Generally, academic requirements to study law in the United States include:

  • A bachelor’s degree (4-year undergraduate degree in any subject).
  • Academic transcripts
  • LSAT (Law School Admission Test) scores. Minimum scores are specific to the respective law school.
  • Minimum UGPA (Undergraduate Grade Point Average). Depending on the respective law school.
  • Letters of recommendation.
  • Personal statement.
  • Proof of English proficiency (TOEFL). For students whose native language is not English.
  • Other law school-specific admission requirements.
  • Credential Assembly Service (CAS) reports.

Application Process

Nearly all *ABA-approved schools, including some non-ABA-approved schools, require students to complete their application through the Credential Assembly Service (CAS).

CAS simplifies your law school application process by combining all of your transcripts, letters of recommendation, and other application documents. You will only need to send these documents one time to LSAC (Law School Admissions Council), the same council that administers the LSAT. The Law School Admissions Council (LSAC) combines both your documents and your LSAT scores and sends a full report to all the law schools you decide to apply to. ABA-approved school applications will be available through your CAS account.

Your CAS file should include the following:

  • CAS account.
  • LSAT score and writing sample.
  • Letter of recommendation.
  • Undergraduate transcripts.
  • Application fee.

It is recommended that you register with CAS at least six weeks before applying to law schools. The subscription lasts five years, and you have to pay a registration fee (currently $195). This fee includes one report to one school, which means for every school you apply to, you should pay an extra $45.

*American Bar Association.

Degree Duration: How Long Does It Take to Study Law in United States?

To become a licensed lawyer in the United States, you should go through 4 years of undergraduate education (in any discipline) and three years of law school. Additionally, you will have to enter two important examinations throughout your journey towards becoming a lawyer. First, you will have to enter the LSAT (before applying to law school) and then the Bar Examination (after three years of law school) to obtain your license to practice. The bar exam will decide whether you are fully qualified to practice law in your jurisdiction.

Tuition Fees: How Much Does It Cost to Study Law in United States?
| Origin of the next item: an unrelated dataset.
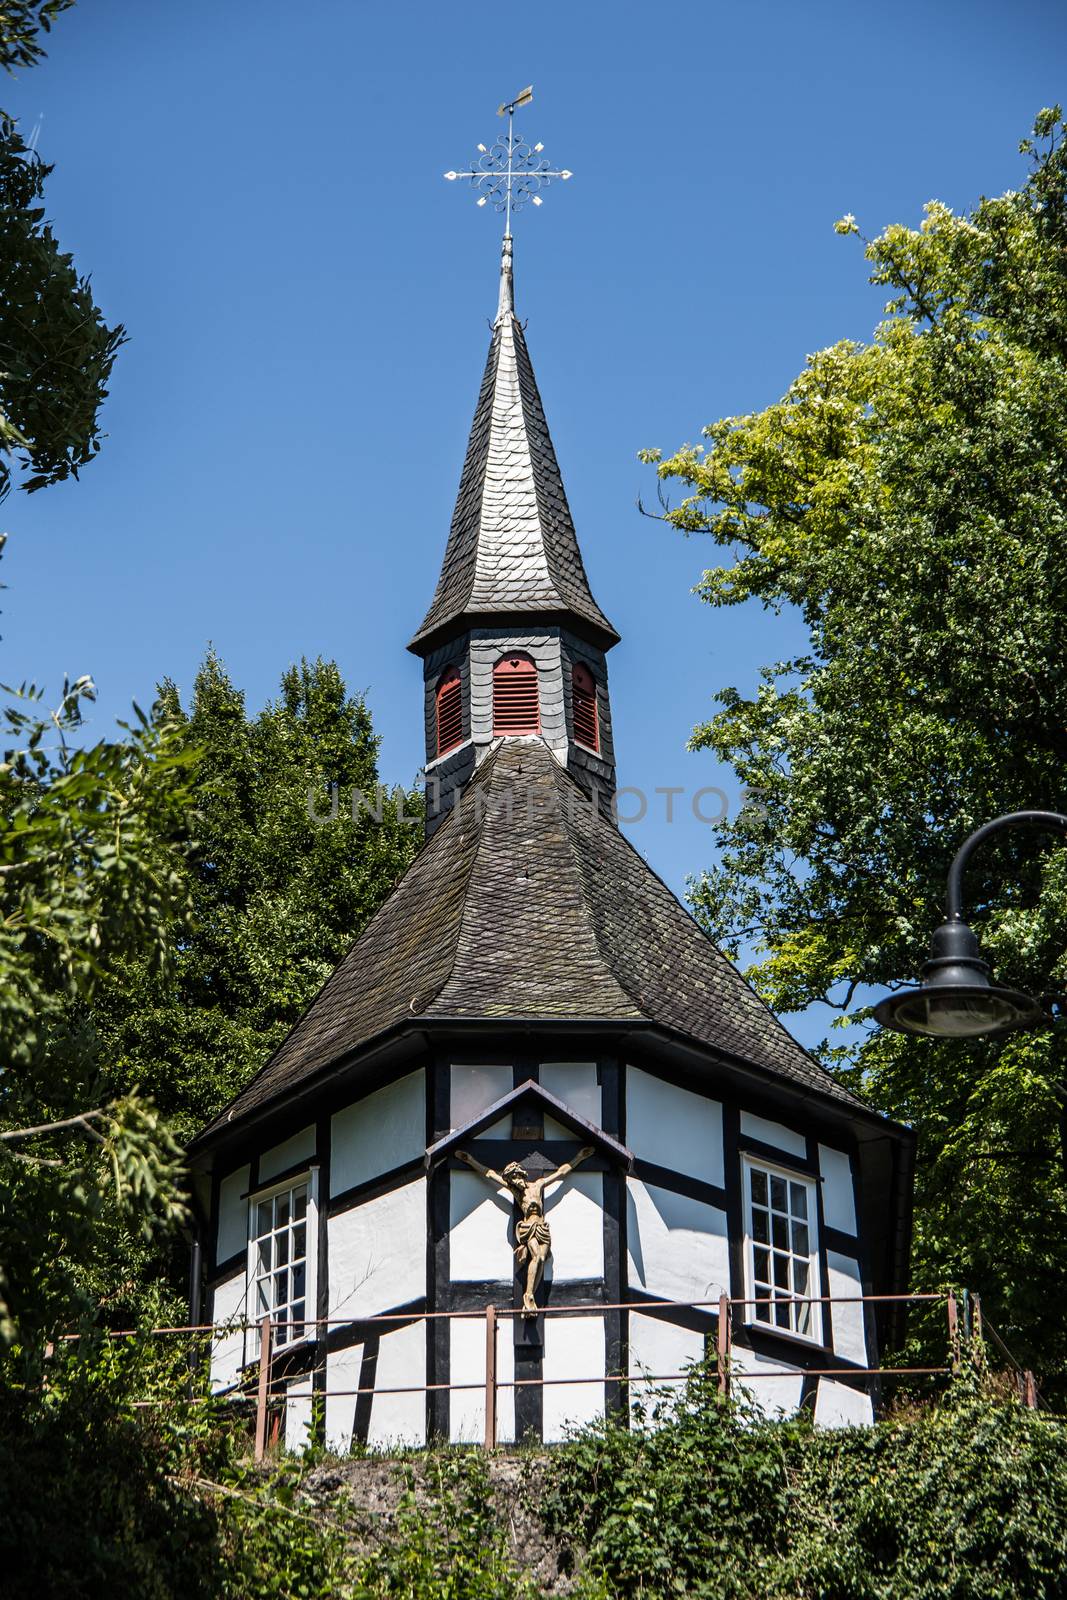 Half-timbered Heisterkapelle in Wissen
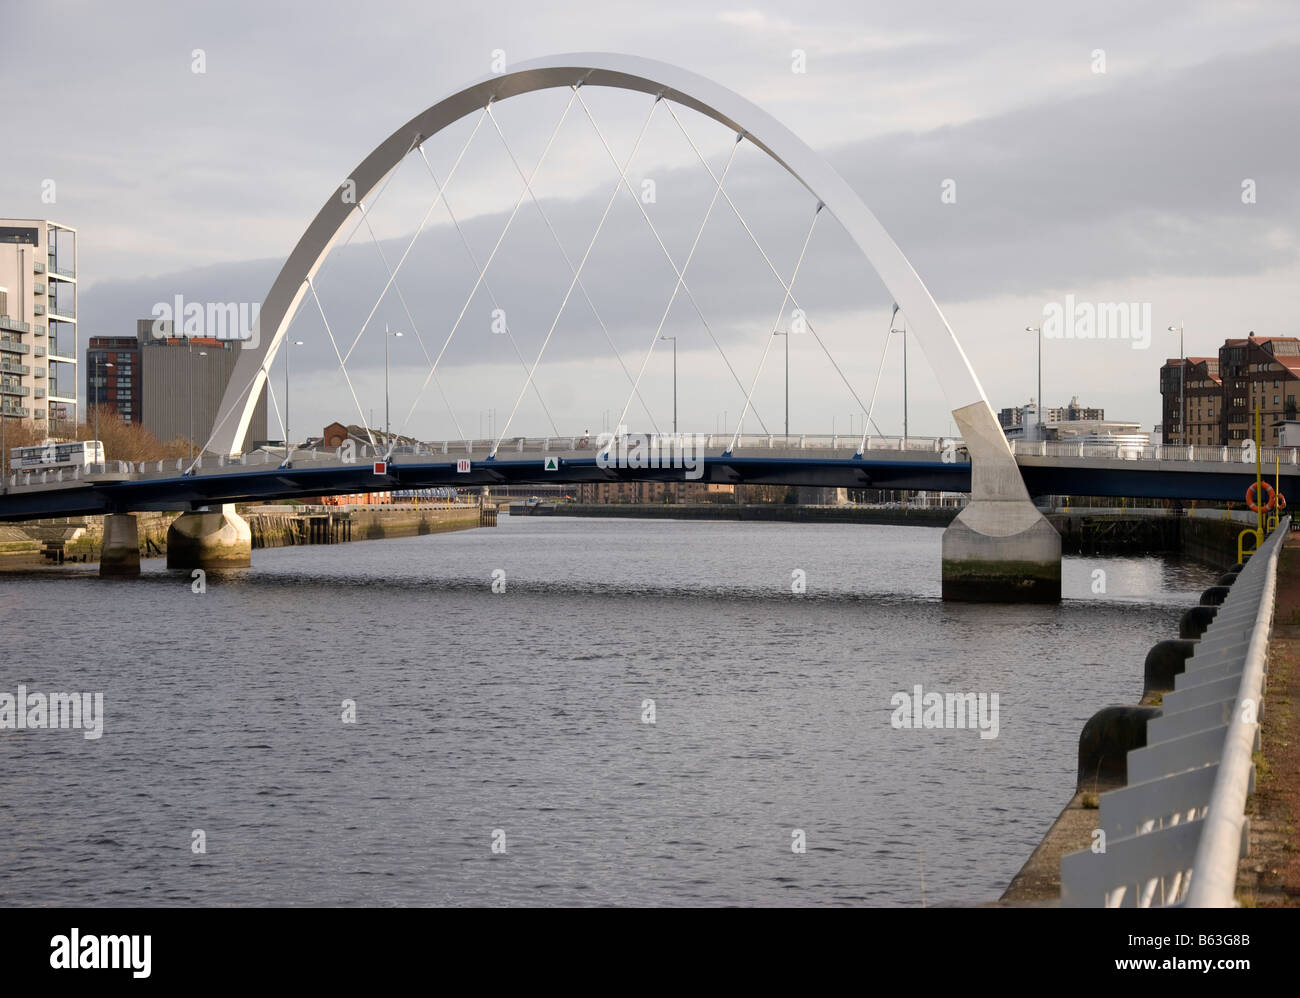 Le pont aux Rivière Clyde Glasgow Finnieston Ecosse Royaume-Uni Royaume-Uni Banque D'Images

The cost of law school in the United States depends on where you pursue your law education. While some top-tier universities have higher tuition fees, some less competitive law schools provide more affordable tuition. The average cost of law school in the United States is approximately $49,548 at private law schools. On the other hand, public law schools charge an average of $28,264 for in-state students and $41,726 for out-of-state students.

For example, for one year at Harvard Law School, students are required to pay $67,720 in tuition alone (2021/22 fees), excluding accompanying expenses like personal allowance, book/supplies allowance, travel allowance, and student health allowance, to name a few. Of course, prospective law students can find lower tuition fees at many other academic institutions. There are numerous financing options available, such as specialized loans, grants, or scholarships to help pay for law school.

Law Career Prospects in United States

Although admission to law schools in the United States is competitive and law education might be challenging, there are plenty of opportunities to create the career you are looking for in the US. Studying law doesn’t necessarily mean becoming a lawyer. There are numerous career paths that a law graduate can pursue, such as politics, diplomacy, business, and economics, to mention a few. Statistics by the Bureau of Labor Statistics (BLS) show that a career as a lawyer can be rather rewarding, financially speaking. A lawyer in the United States earns a median salary of $126,930 per year.